The embodiments of the FTS invention can operate in virtual communication environments or non-virtual communication environment or any combination of virtual/non-virtual environments. Forwarding table states may virtual or non-virtual.

In embodiments of the invention, clusters of network devices include multiple agents, which are either in active or inactive mode. Each such agent is associated with a Forwarding Information Base (FIB), which includes network path information for communicating with network destinations. In embodiments of the invention, updates to the Forwarding Information Bases are shared amongst the agents in a cluster by use of a network communications protocol. The protocol includes features that ensure that the active/inactive status of agents can be changed immediately, and that the FIBs in a cluster are consistent at all times, in order to ensure that network forwarded by a cluster will not be disrupted in the event of a failure of an active agent.

Embodiments of the invention further allow agents to be designated as either masters or slaves, and use this status to determine how FIBs are to be updated amongst a cluster. In some embodiments, agents may be both masters and slaves for different clusters, allowing the agents to be ordered in a hierarchy that determines the manner in which FIBs are updated. These and other embodiments are further described herein.

BRIEF DESCRIPTION OF FIGURES

FIG. 1 illustrates a master—slave hierarchy of network clusters in accordance with embodiments of the invention.

FIG. 2 illustrates a state machine for network agents in a cluster, in accordance with embodiments of the invention.

FIG. 3 illustrates an algorithm for determining the state of an agent on a network, in accordance with embodiments of the invention.

FIG. 4 illustrates an algorithm for processing update and delete messages in a FIB synchronization protocol, in accordance with embodiments of the invention.

FIG. 5 illustrates an Application Programming Interface accessible to an agent in a cluster in accordance with embodiments of the invention.

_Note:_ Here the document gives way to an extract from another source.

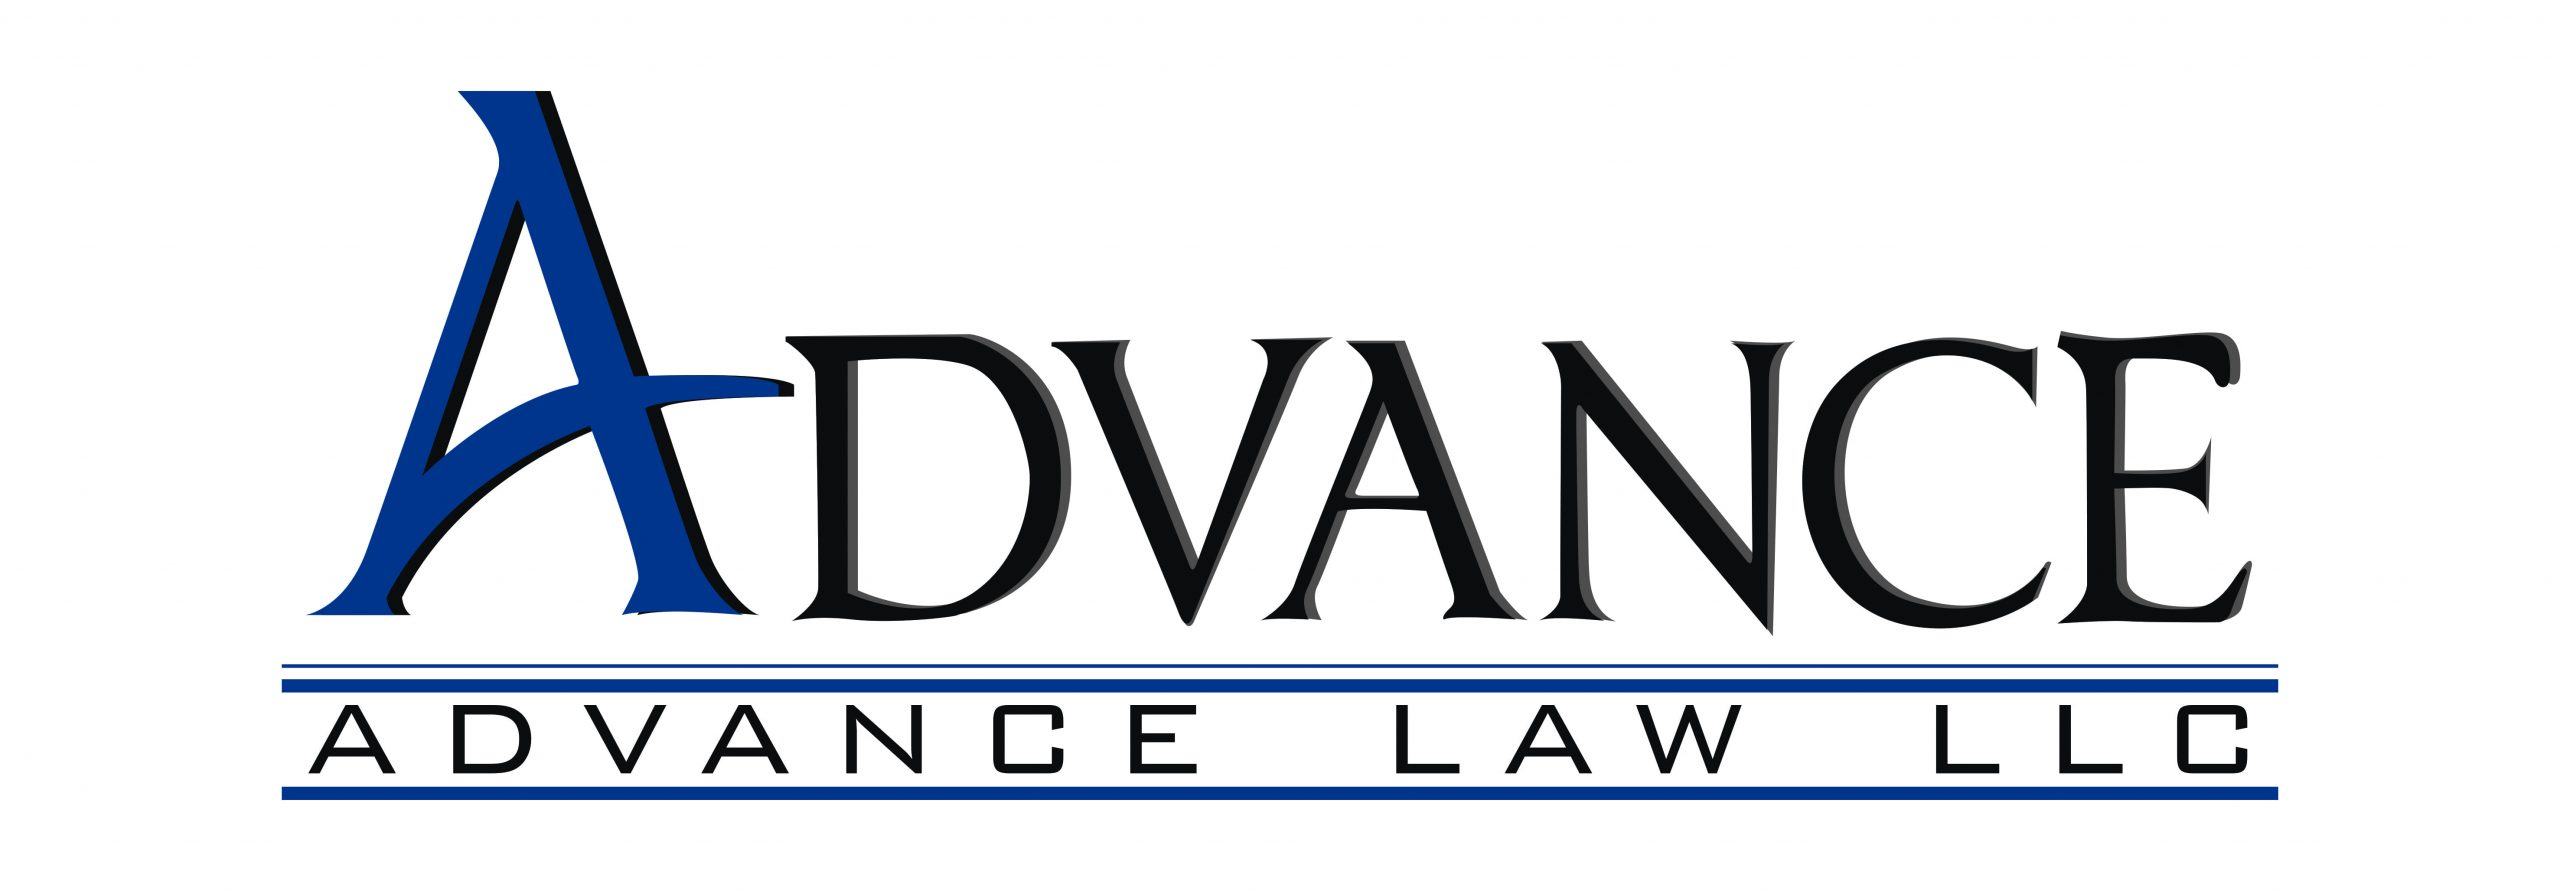 Advance Law LLC

FIG. 6 illustrates a master—slave cluster hierarchy in accordance with embodiments of the invention.

DETAILED DESCRIPTION

1. Overview

The invention includes a Forwarding Table Synchronization (FTS) Manager and an inter-agent communication protocol, the Forwarding Table Synchronization (FTS) Protocol, which provides for efficient distribution of forwarding table entries across a network. FIG. 1 schematically illustrates a network system architecture in accordance with embodiments of the invention. A plurality of agents 120 122 124 126 128 and the FTS protocol 130 132 134 136 138 enable the synchronization of multiple virtual Forwarding Information Bases (FIBs), scale to large numbers of routes, minimize utilization of network resources, and provide for future extensibility. Destination network addresses included in a FIB may be of any type, including, by way of example and not limitation, IP v 4 addresses, IP v 6 addresses, layer 2 addresses, MAC addresses, or other types of network addresses that will be apparent to those skilled in the art.

In embodiments of the invention, the FTS Manager is implemented as one or more independent software processes. In some embodiments, the FTS Manager may be implemented as one or more software agents (sometimes referred to herein as “FTS Agents”), each of which operates in either master or slave mode. An FTS agent is a software module that is responsible for synchronizing Forwarding Information Base (FIB) entries among a set of a machines. These machines may operate as normal network devices or as virtual devices with a Virtual Routing/Forwarding Tables.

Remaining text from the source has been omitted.